**** Data provided
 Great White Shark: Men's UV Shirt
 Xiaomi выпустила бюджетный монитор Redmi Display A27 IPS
********
**** Data provided
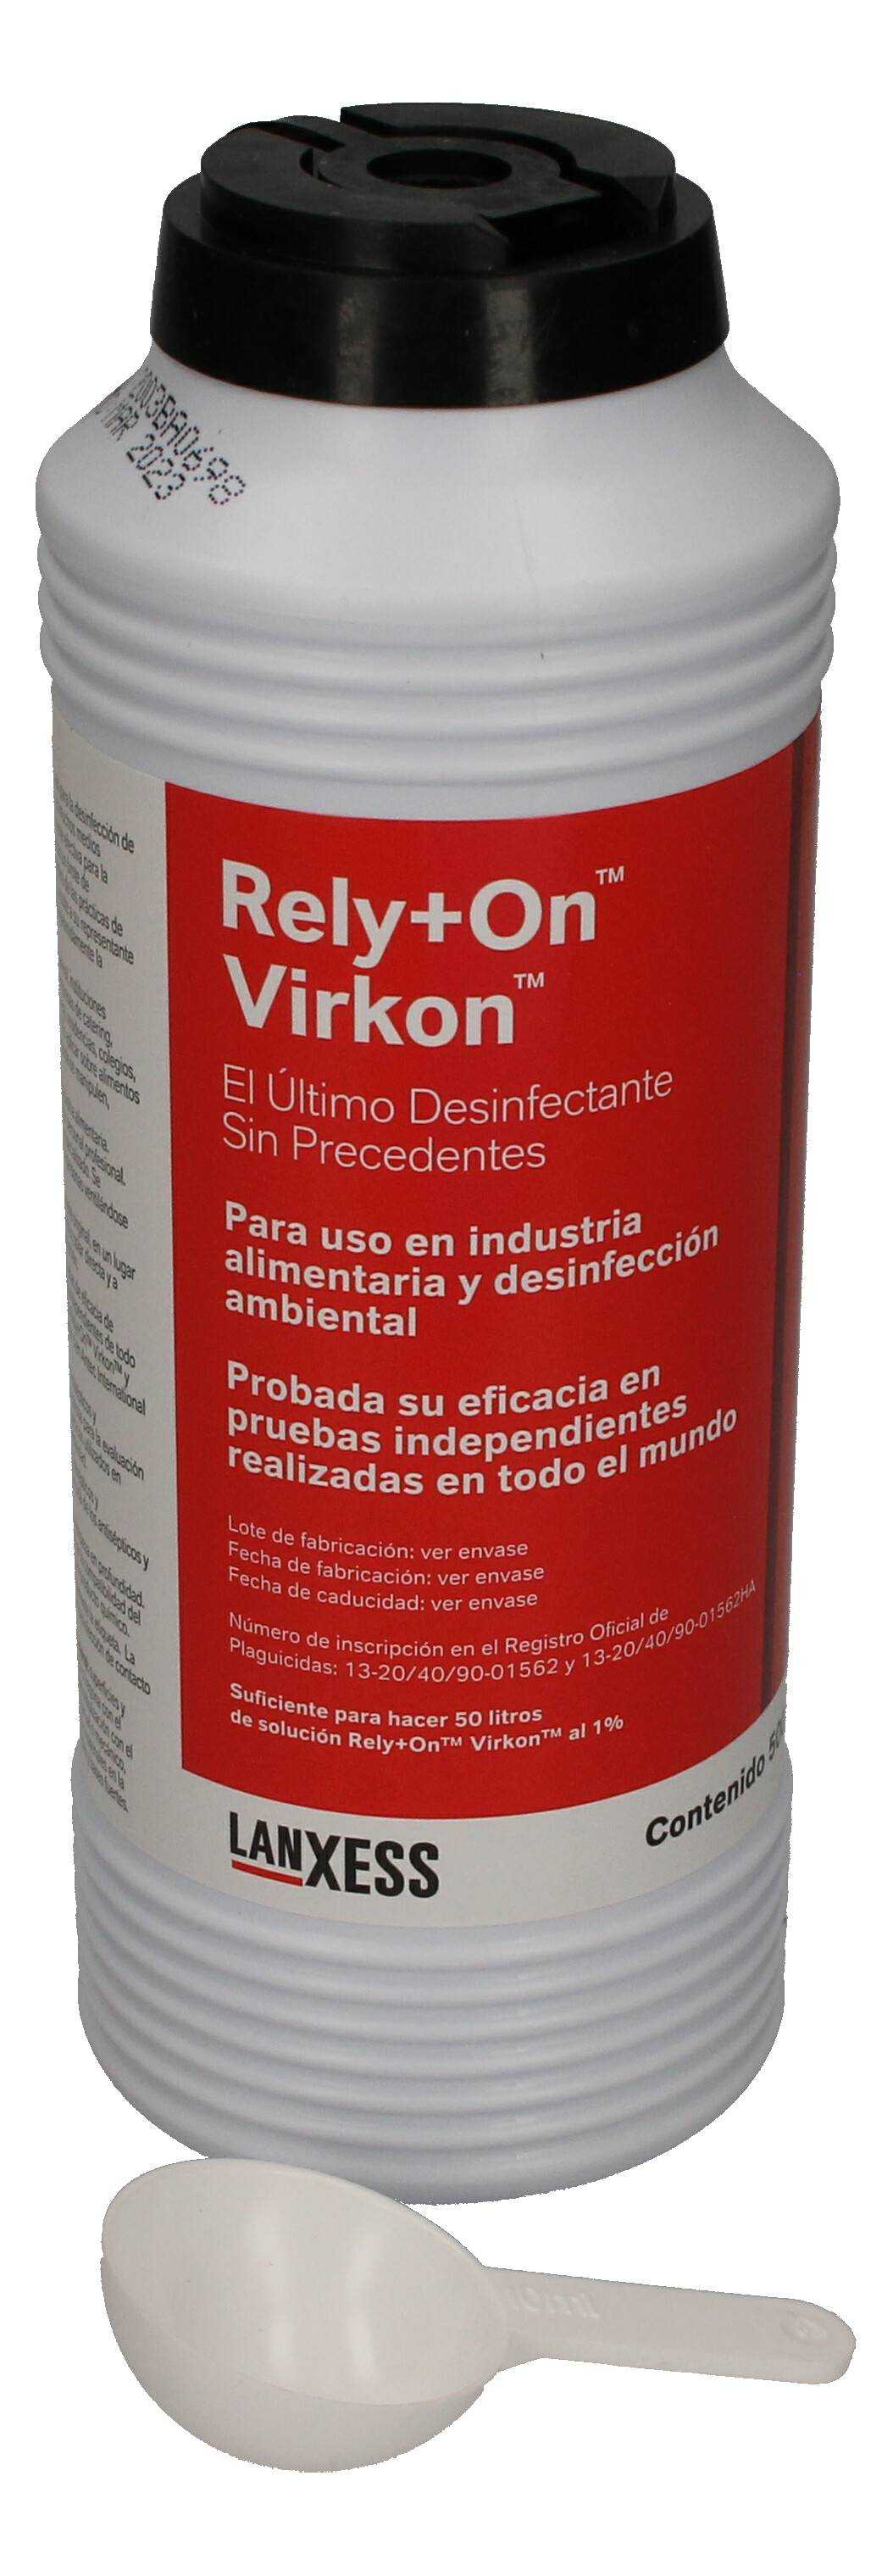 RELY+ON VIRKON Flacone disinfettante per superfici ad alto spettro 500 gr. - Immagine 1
********
__Exercise__: Above are the records. Print exactly, and only, the lines from the line with "Great White Shark: Men's UV Shirt" to the line with "Xiaomi выпустила бюджетный", both inclusive.

__Task response__:
 Great White Shark: Men's UV Shirt
 Xiaomi выпустила бюджетный монитор Redmi Display A27 IPS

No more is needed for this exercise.